● **Exercise goal**: Copy each line, word for word, from the one with "Travelpro Maxlite 5" through the final line of the listing, but skip the pictures.

● **Input data**:
———

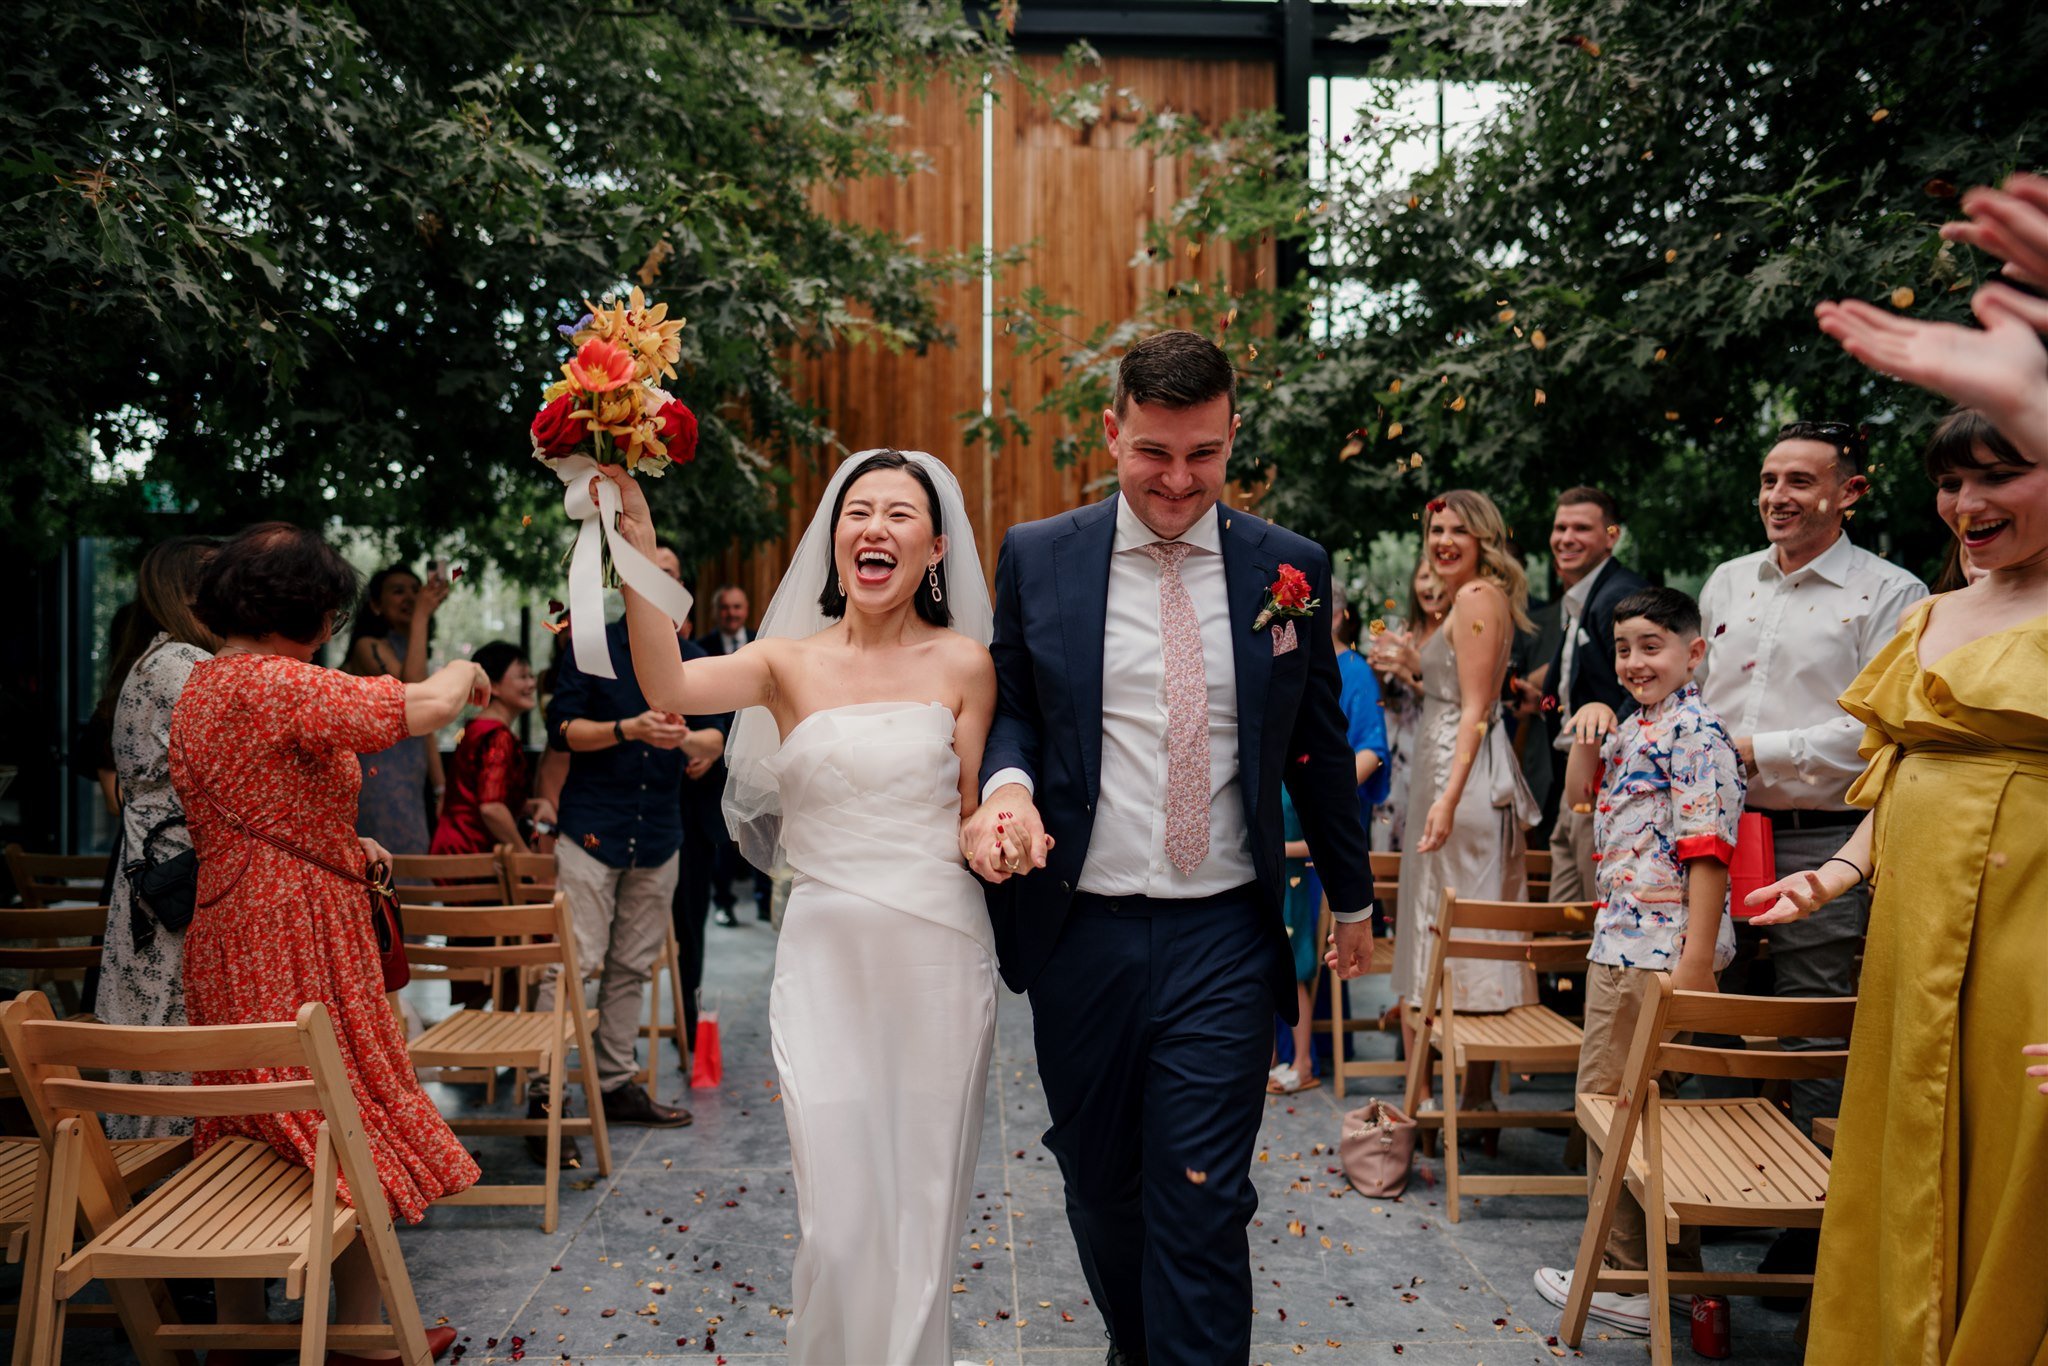 glasshouse-morningside-top-auckland-wedding-phtographer-photography-videography-film-new-zealand-NZ-best-urban-venue-stylish-intimate-central-ceremony-reception-dear-white-productions (16).jpg
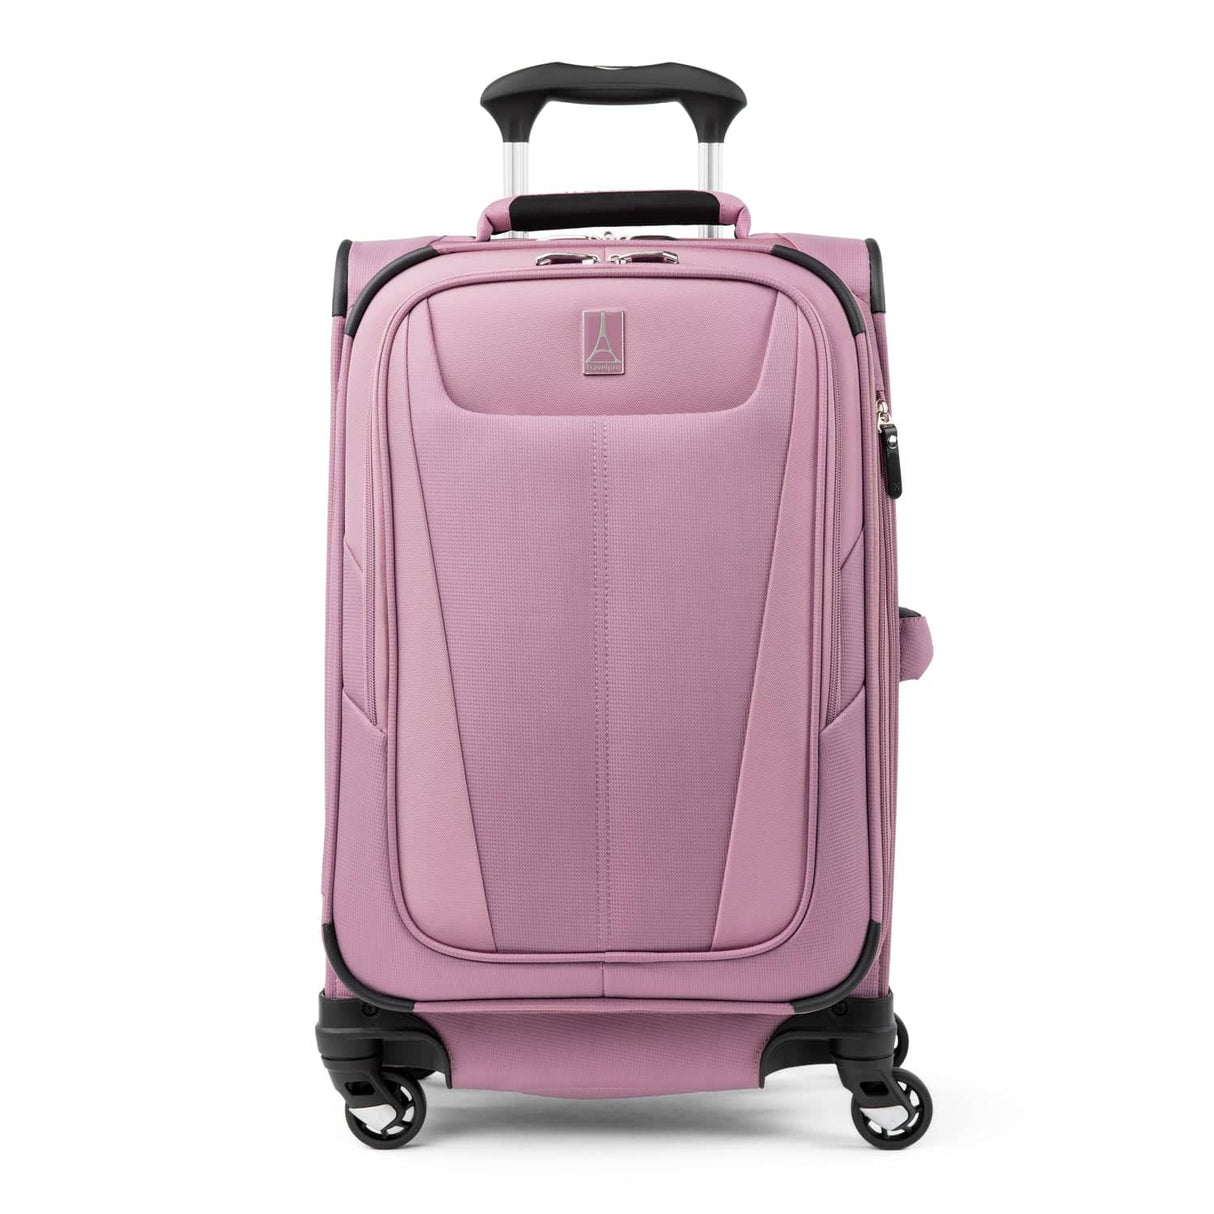 Travelpro Maxlite 5 21" Carry-On Expandable Spinner
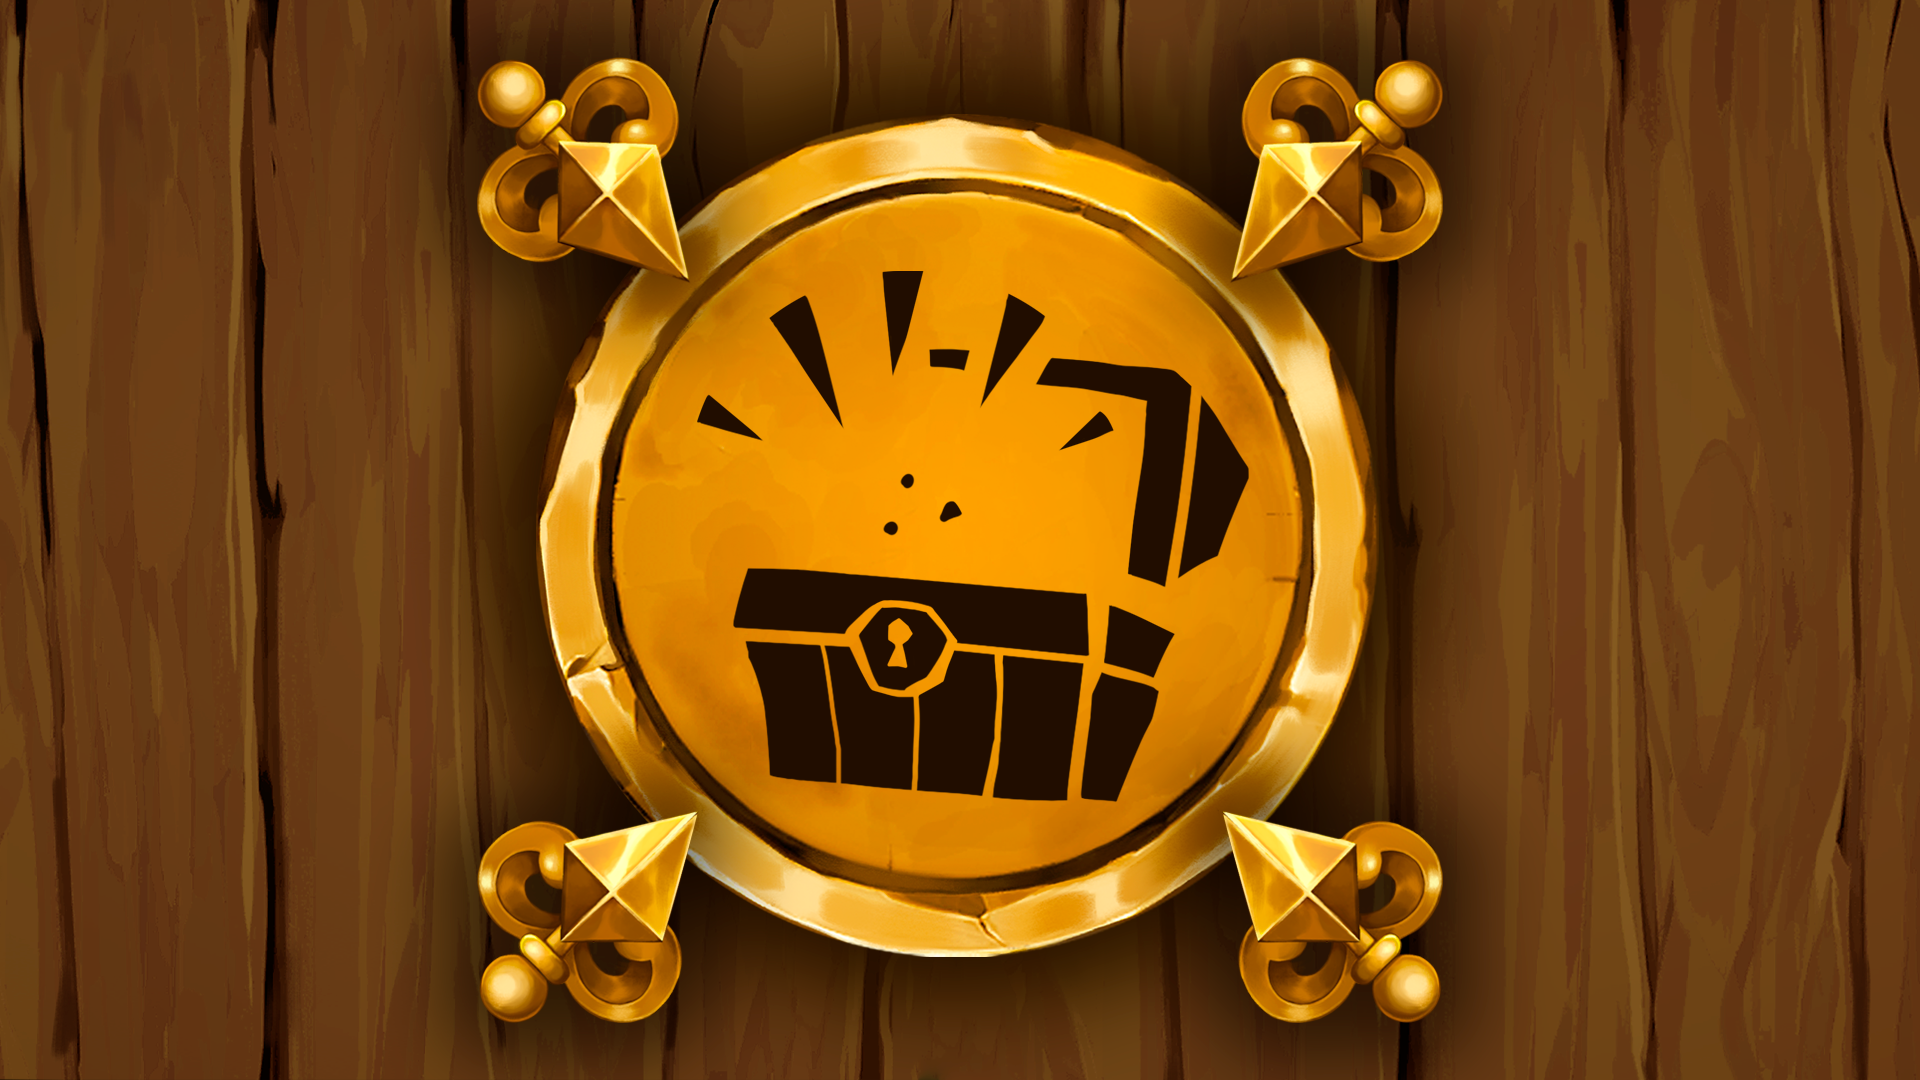 Icon for The collector

———

● **Task answer**:
 Travelpro Maxlite 5 21" Carry-On Expandable Spinner
 Icon for The collector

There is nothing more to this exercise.